The process, which emits huge amounts of energy, is touted as a potentially limitless source of clean energy, but a number of technical challenges still need to be overcome.
Here on Earth, scientists are using tokamaks – donut-shaped vessels surrounded by electromagnetic coils – to try to recreate the fusion reactions that take place in space.
The magnets in these tacomas are used to “hold” volatile hydrogen plasma, which is hotter than the sun’s core. Controlling magnetic coils now requires several layers of sophisticated control systems.
Martin Riedmiller, head of the control group at DeepMind and co-author of Fr. article published in the journal Nature on Wednesday told CNBC it was a “really difficult” control issue.
Together with the Swiss Plasma Center at EPFL, University of Lausanne, Switzerland, DeepMind said it has developed an artificial intelligence system with reinforcement that can control magnets and change their voltage thousands of times per second.
Reinforcing learning, the AI training method to which DeepMind is particularly tuned, involves programming the AI to perform certain actions to maximize its chances of earning a reward in a particular situation. In other words, the algorithm “learns” to perform a task by looking for these pre-programmed rewards.

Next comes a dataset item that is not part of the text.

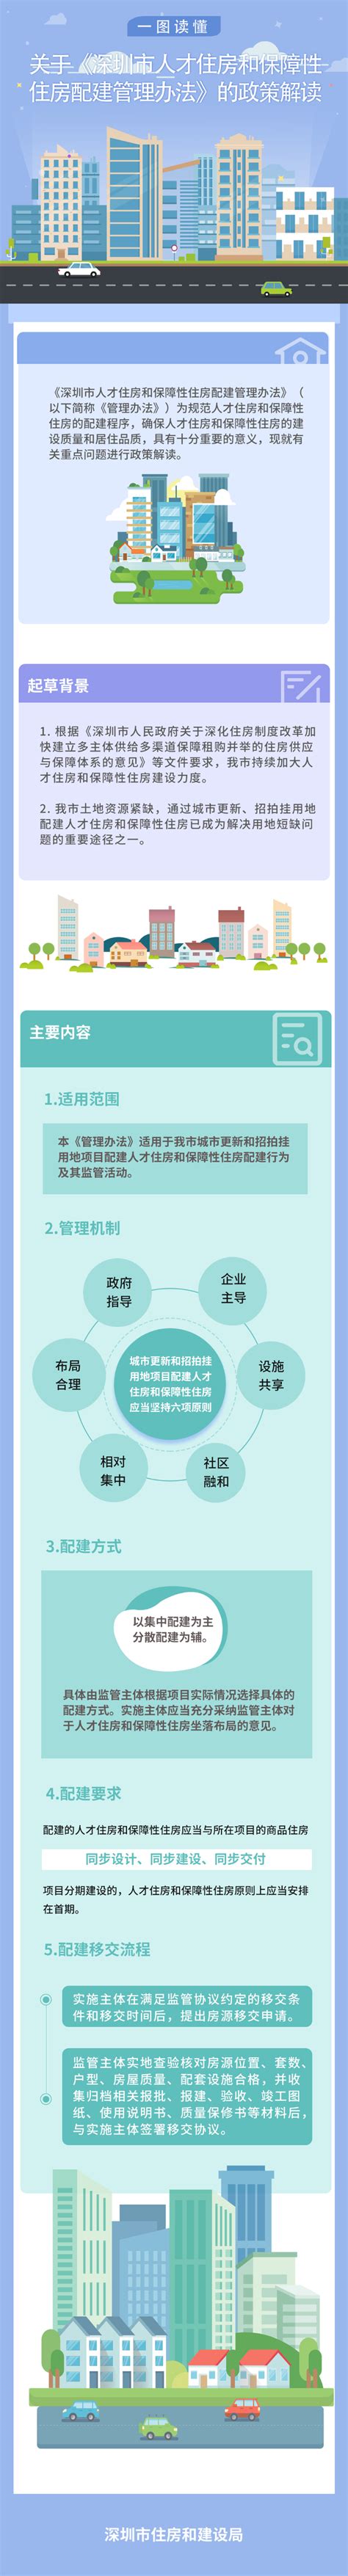 （图解）《深圳市人才住房和保障性住房配建管理办法》政策解读-深圳市住房和建设局网站
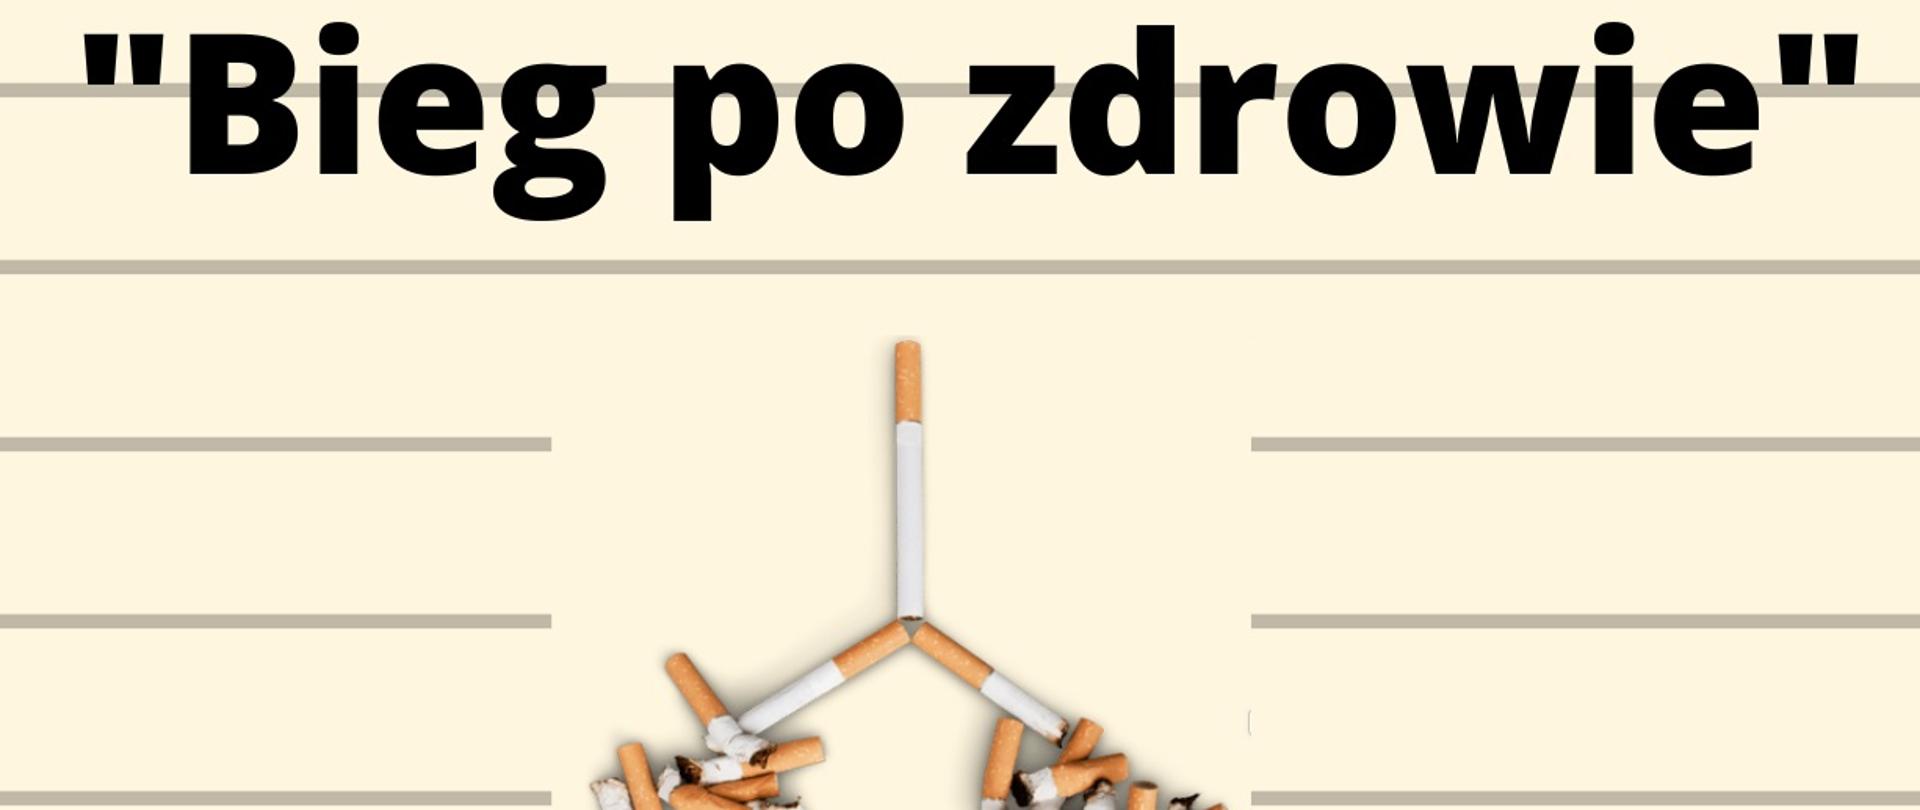 Grafika przedstawia napis "Bieg po zdrowie" oraz płuca ułożone z papierosów

The unnamed AI DeepMind, developed on a virtual simulator, has been used about 100 times on a takomak at the Swiss Plasma Center, known as the Variable Configuration Tokamak. He operated the magnets in the tokamak for two seconds, which is the maximum amount of time the reactor can run before it overheats.
About 10-20 people with DeepMind worked on the AI system along with about 5-10 people with EPFL.

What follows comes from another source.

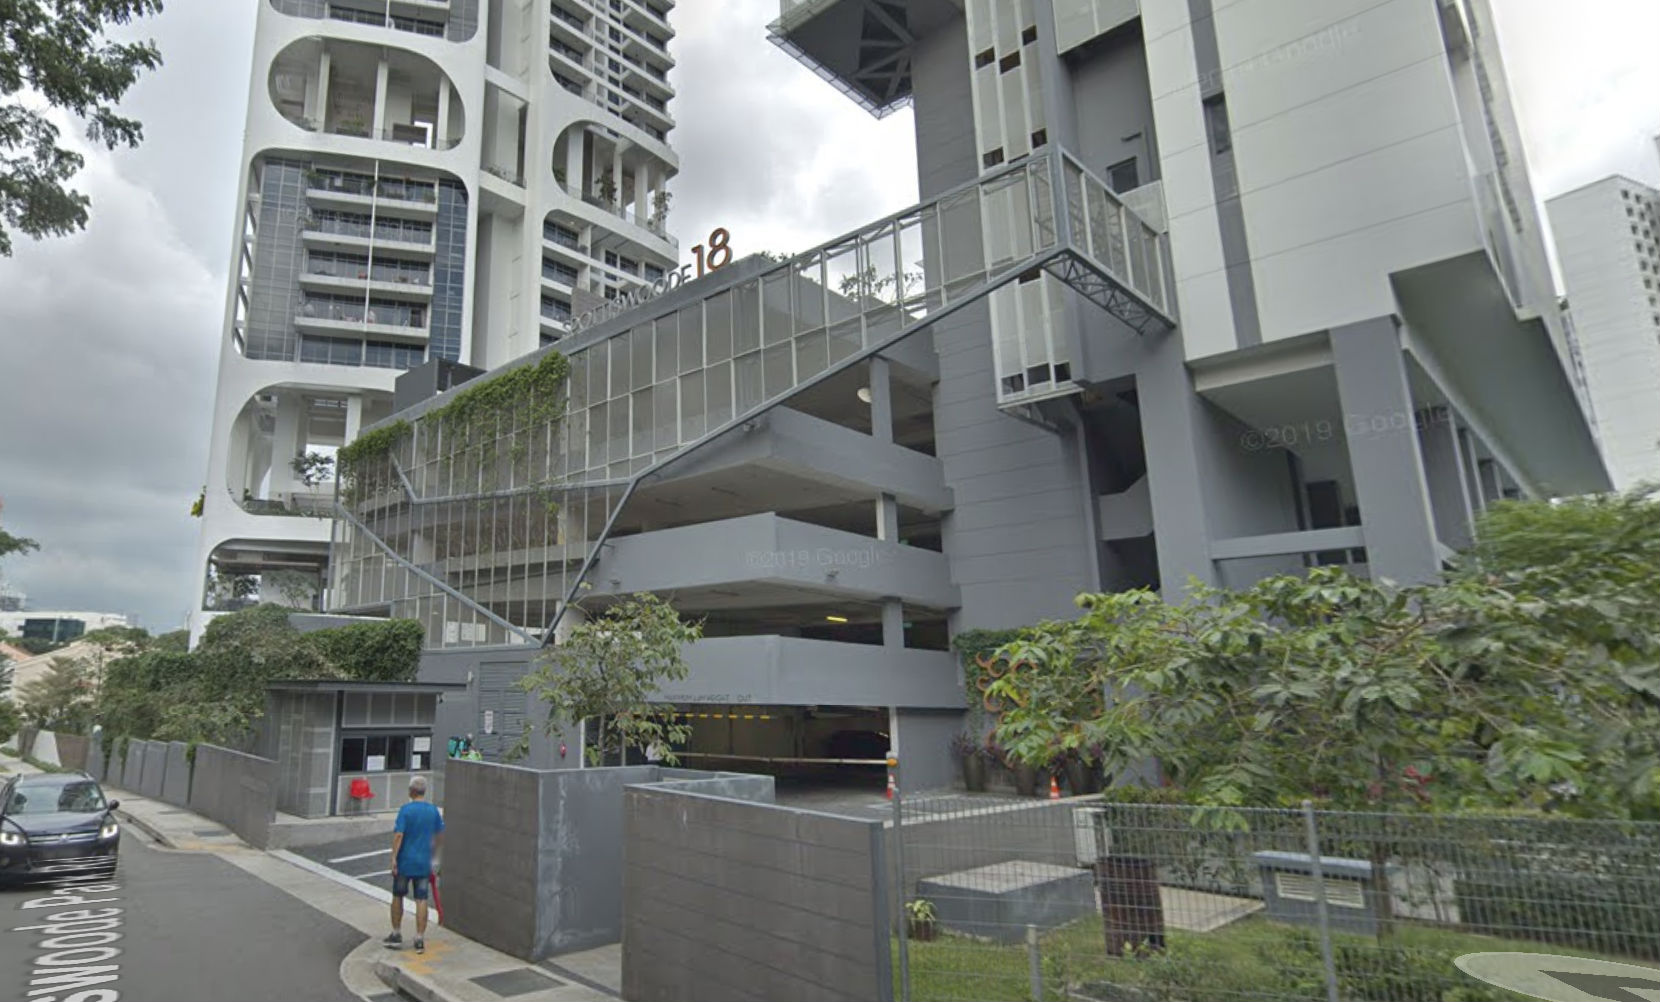 Google Street View of Spottiswoode 18 condominium.

“In my opinion, synthesis is one of the most fundamental sources of energy we have in the world,” said Federico Felici, a researcher at the Swiss Plasma Center, to CNBC. “Once we really master this technology … it’s a huge achievement because you will be able to have almost limitless energy in predictable times.”

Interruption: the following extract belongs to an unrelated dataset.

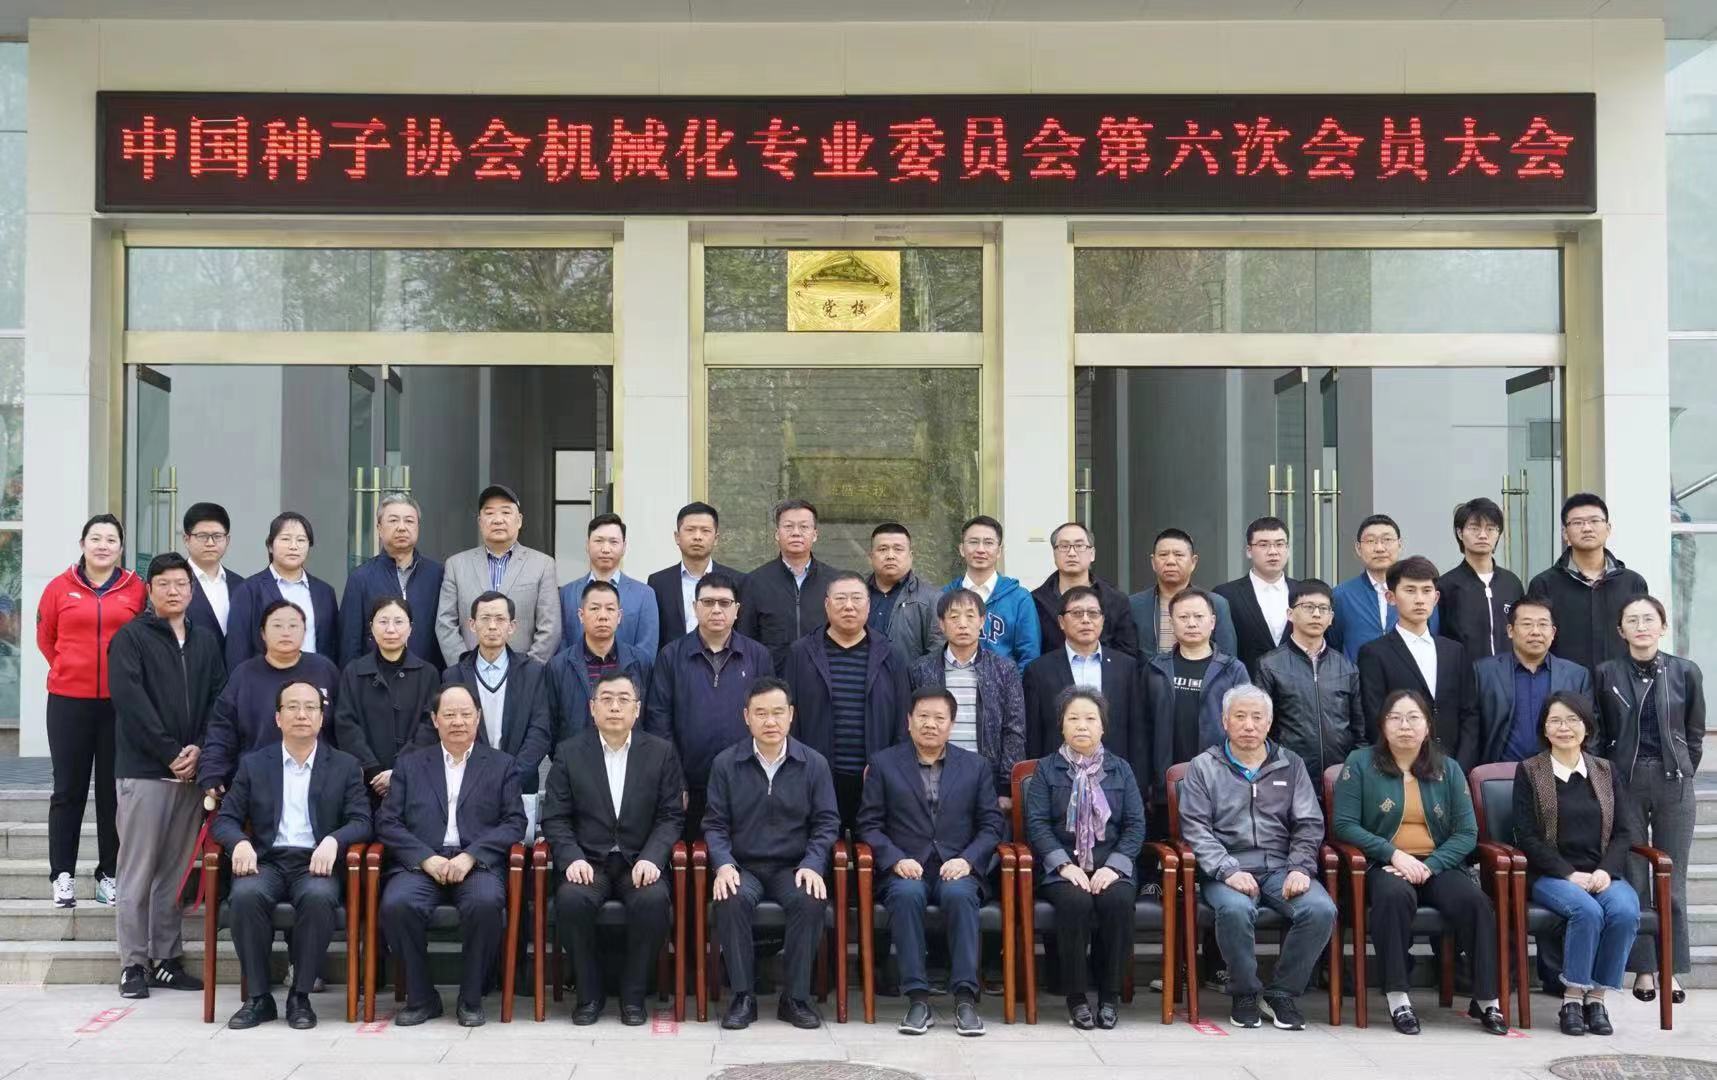 祝贺中国种子协会机械化专业委员会第六次会员大会圆满落幕

Damien Ernst, a professor at the University of Liege who was not involved, called the study one of the most important examples of reinforced learning to date, adding that it “could significantly accelerate the development of fusion reactors and, ultimately, our ability to fight global changes. ”
DeepMind has decided to hack into artificial general intelligence, often referred to as the Holy Grail II.
The company began by developing AI systems that could master games such as chess and th. Now he wants to apply more of his technology to real-world applications and science.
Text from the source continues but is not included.